• PROVIDED MATERIAL:
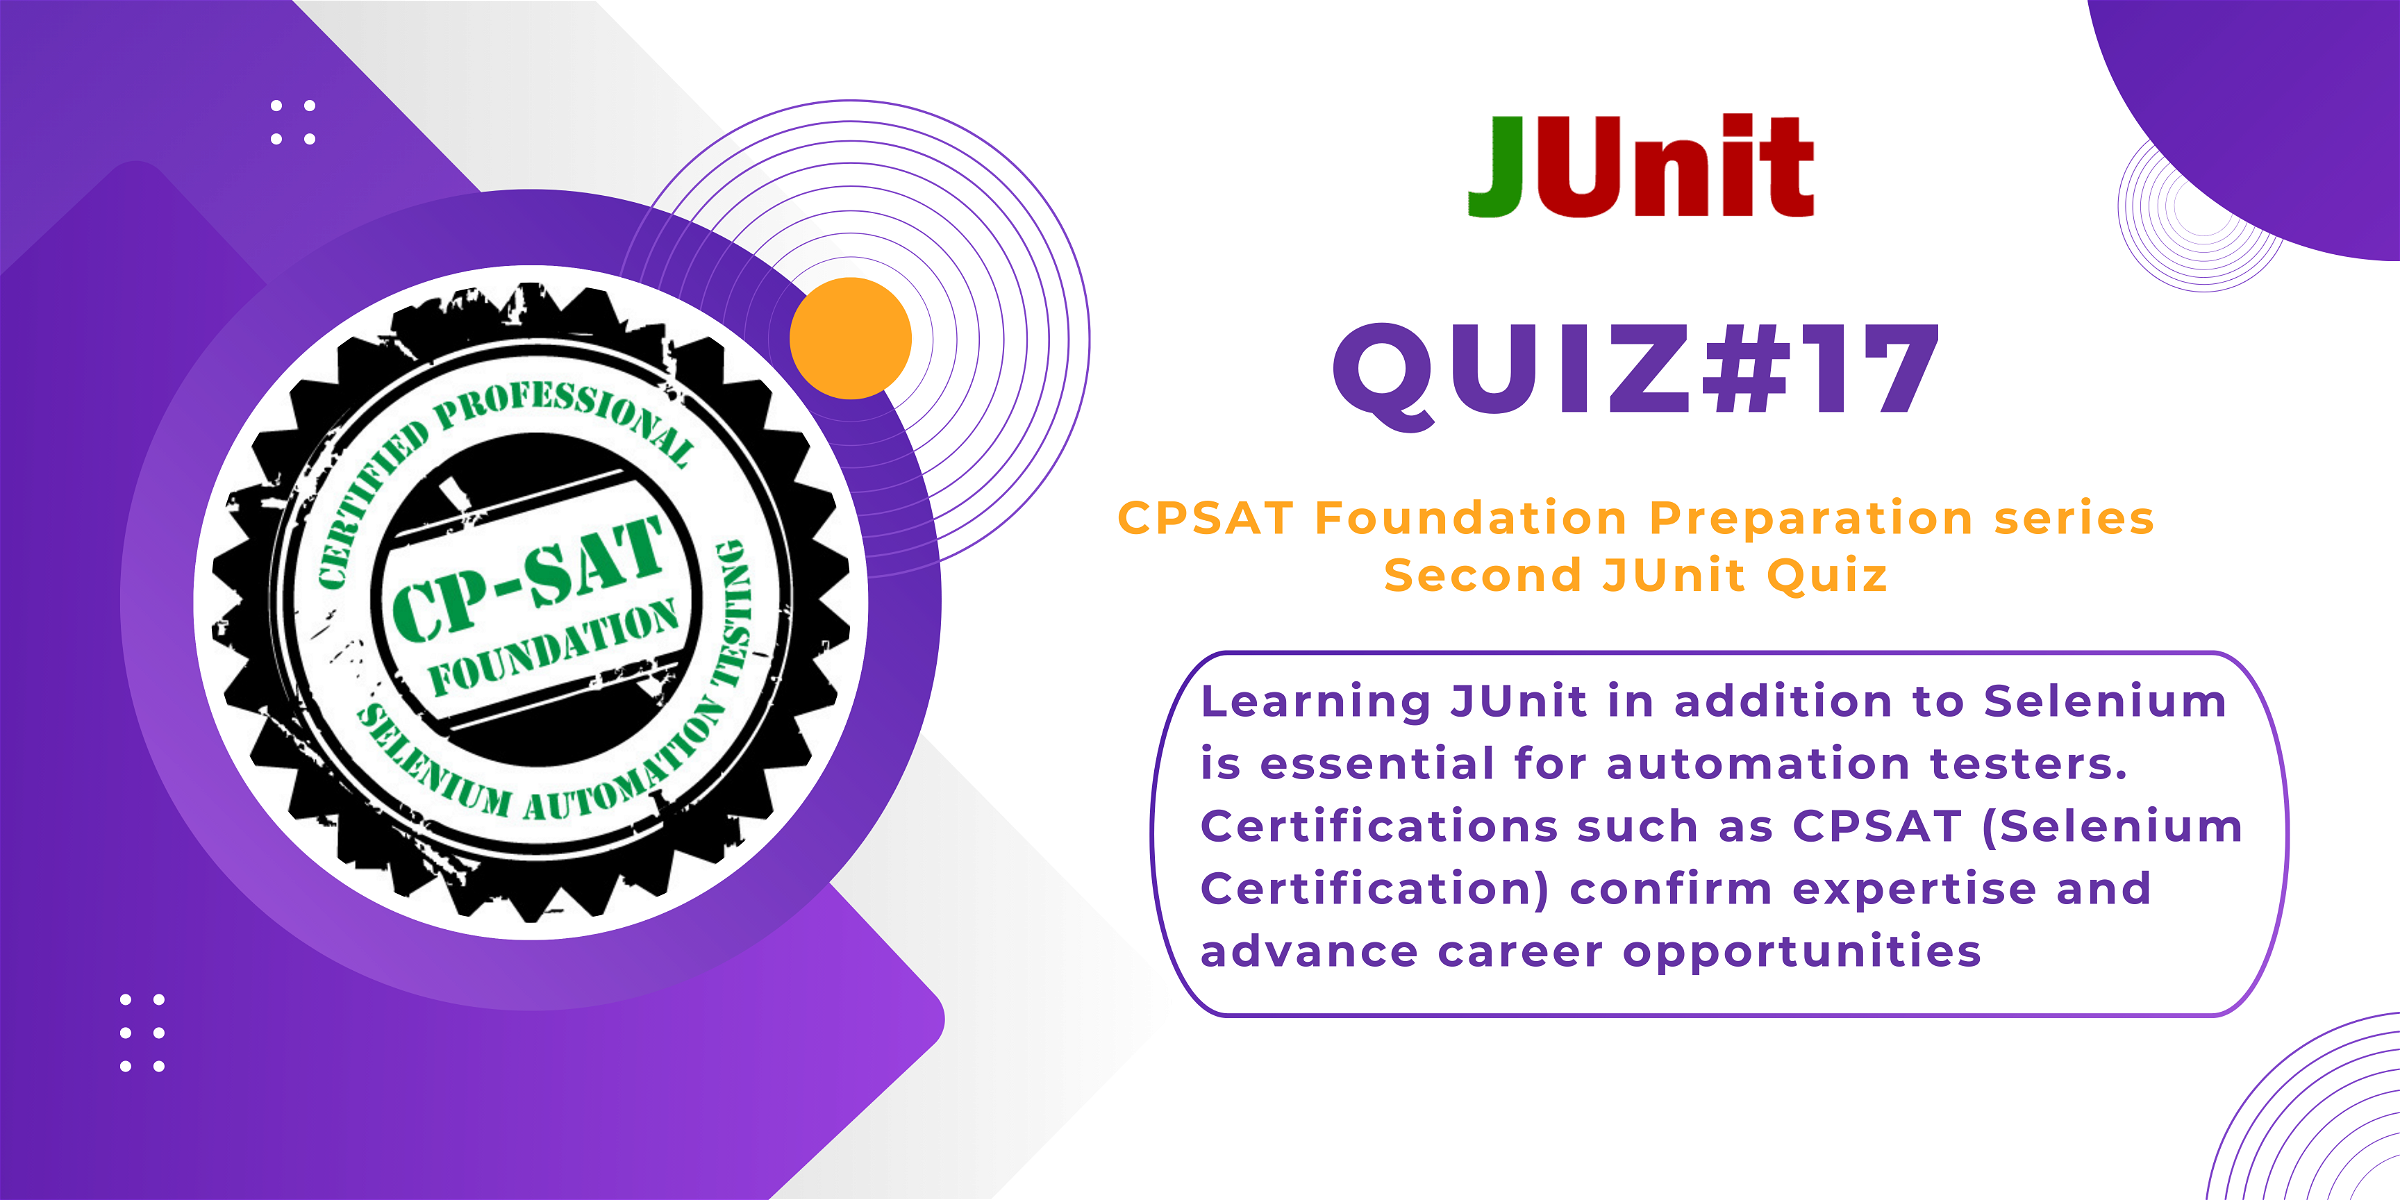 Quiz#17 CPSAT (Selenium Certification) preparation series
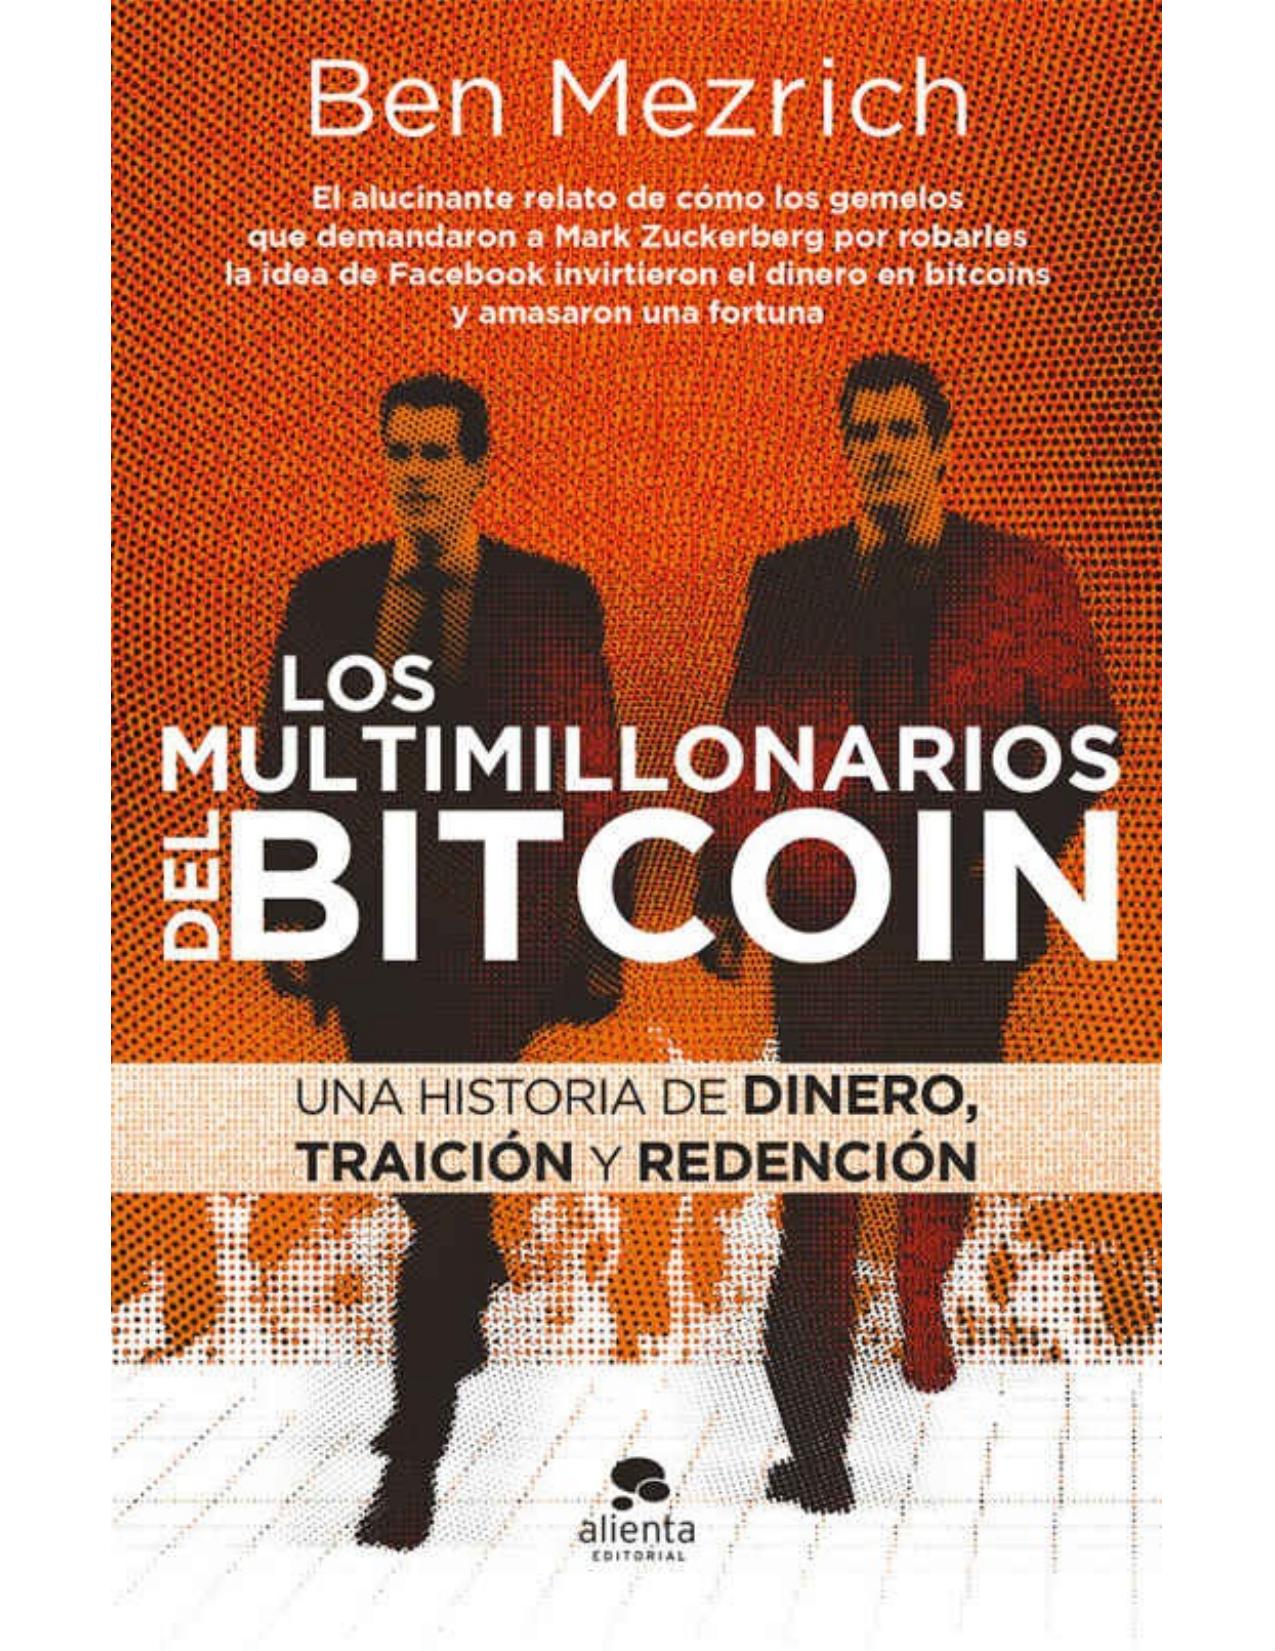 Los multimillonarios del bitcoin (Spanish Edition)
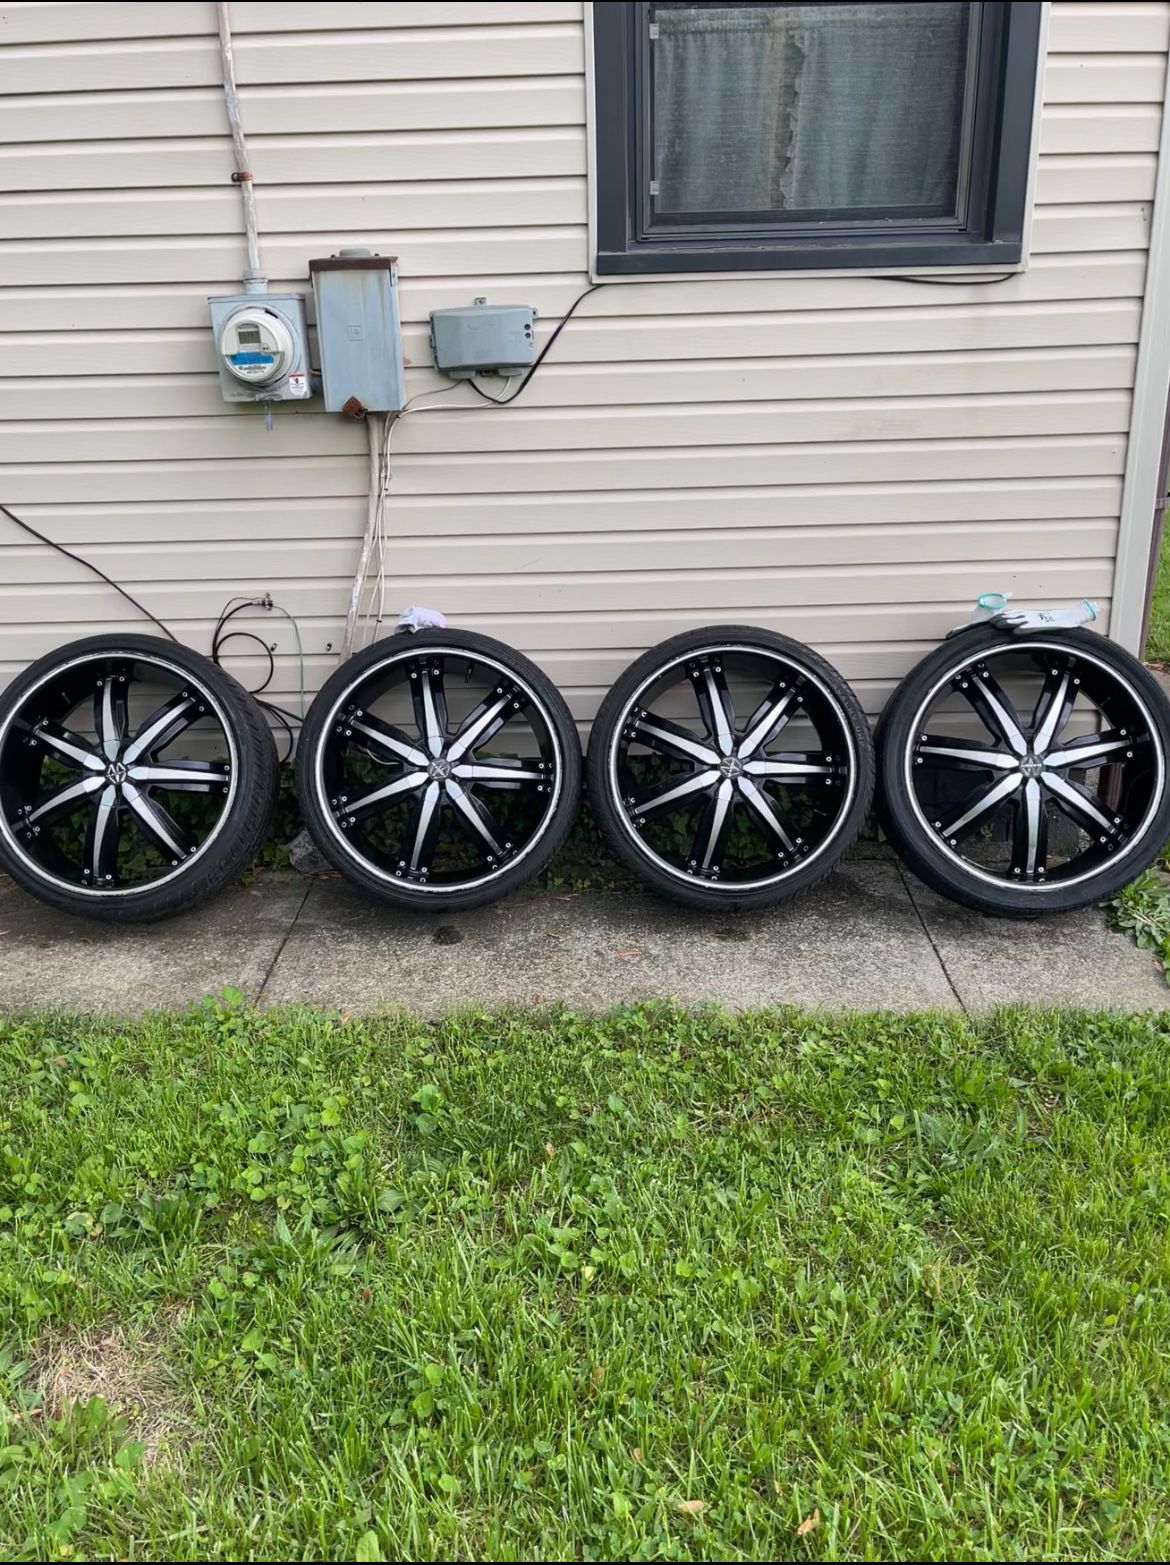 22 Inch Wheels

• INSTRUCTIONS FOR THE TASK: The expected output is an exact retyping of the lines from the line with "Los multimillonarios del" through the last line of the data, with both ends kept and the pictures dropped.

• WRITTEN RESPONSE:
 Los multimillonarios del bitcoin (Spanish Edition)
 22 Inch Wheels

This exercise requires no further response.